Prompt:
In the records below, locate the line containing "designer 18k yellow"; output that line and every following line through the last, exactly.

Information:
☆ ☆ ☆ ☆

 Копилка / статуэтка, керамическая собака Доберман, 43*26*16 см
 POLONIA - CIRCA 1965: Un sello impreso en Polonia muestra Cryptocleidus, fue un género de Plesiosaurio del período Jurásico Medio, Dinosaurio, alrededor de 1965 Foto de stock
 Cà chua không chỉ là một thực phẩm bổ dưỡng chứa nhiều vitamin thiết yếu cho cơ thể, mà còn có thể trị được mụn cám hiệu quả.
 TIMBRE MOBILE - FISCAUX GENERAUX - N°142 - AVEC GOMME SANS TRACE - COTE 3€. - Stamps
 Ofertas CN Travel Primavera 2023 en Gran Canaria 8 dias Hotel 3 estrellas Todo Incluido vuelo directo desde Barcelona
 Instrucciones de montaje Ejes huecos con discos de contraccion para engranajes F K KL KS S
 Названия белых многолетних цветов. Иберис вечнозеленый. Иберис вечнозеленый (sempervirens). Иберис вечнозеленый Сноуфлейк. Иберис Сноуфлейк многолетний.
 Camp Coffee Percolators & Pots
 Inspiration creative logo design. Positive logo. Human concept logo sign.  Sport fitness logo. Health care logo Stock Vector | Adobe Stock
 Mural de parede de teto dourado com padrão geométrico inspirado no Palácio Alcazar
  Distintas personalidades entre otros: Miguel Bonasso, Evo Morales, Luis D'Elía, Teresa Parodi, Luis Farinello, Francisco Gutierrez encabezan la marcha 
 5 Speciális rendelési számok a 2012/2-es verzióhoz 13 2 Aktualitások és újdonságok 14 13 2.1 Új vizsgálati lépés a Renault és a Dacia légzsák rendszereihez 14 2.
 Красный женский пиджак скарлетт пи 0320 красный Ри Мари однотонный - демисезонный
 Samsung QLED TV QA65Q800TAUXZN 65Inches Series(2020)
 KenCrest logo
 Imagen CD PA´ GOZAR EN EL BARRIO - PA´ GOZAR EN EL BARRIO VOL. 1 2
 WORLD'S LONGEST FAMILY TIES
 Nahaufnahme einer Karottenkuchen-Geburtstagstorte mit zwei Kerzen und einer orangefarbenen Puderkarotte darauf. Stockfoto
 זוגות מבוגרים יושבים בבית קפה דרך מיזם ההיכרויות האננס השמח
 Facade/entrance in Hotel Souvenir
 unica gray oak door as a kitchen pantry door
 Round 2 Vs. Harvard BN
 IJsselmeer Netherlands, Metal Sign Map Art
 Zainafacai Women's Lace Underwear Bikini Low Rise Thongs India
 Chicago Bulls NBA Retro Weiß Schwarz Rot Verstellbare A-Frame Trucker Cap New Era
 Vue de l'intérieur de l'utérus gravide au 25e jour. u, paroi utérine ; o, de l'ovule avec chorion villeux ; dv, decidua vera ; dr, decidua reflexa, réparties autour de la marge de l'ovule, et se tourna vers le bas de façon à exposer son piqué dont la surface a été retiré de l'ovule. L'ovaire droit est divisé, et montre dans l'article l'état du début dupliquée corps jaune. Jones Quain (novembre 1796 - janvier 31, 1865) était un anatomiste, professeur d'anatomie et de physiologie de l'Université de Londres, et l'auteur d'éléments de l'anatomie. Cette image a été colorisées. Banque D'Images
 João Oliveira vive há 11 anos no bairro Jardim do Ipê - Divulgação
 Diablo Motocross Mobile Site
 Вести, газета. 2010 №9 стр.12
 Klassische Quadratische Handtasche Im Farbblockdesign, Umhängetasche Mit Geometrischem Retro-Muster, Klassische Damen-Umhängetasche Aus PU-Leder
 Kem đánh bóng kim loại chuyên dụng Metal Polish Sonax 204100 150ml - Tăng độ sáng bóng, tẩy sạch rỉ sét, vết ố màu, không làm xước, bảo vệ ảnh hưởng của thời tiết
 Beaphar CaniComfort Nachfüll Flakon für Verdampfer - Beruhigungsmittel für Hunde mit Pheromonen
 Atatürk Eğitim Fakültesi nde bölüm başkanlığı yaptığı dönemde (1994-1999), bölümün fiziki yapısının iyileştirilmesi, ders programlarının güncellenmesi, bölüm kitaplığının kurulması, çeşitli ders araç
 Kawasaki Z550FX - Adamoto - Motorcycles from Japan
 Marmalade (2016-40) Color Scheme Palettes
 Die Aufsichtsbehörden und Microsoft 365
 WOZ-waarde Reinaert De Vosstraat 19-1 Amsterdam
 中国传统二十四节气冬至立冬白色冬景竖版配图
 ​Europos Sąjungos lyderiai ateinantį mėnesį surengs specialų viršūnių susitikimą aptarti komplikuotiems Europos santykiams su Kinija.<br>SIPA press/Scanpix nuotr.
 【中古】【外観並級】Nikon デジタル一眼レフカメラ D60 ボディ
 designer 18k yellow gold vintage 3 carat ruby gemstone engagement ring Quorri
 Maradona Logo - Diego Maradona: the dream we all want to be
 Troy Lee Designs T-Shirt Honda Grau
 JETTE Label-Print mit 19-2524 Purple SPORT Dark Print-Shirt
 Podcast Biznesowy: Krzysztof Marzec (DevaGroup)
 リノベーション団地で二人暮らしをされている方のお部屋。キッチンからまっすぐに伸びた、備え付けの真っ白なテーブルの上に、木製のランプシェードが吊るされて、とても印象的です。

☆ ☆ ☆ ☆

Solved problem:
 designer 18k yellow gold vintage 3 carat ruby gemstone engagement ring Quorri
 Maradona Logo - Diego Maradona: the dream we all want to be
 Troy Lee Designs T-Shirt Honda Grau
 JETTE Label-Print mit 19-2524 Purple SPORT Dark Print-Shirt
 Podcast Biznesowy: Krzysztof Marzec (DevaGroup)
 リノベーション団地で二人暮らしをされている方のお部屋。キッチンからまっすぐに伸びた、備え付けの真っ白なテーブルの上に、木製のランプシェードが吊るされて、とても印象的です。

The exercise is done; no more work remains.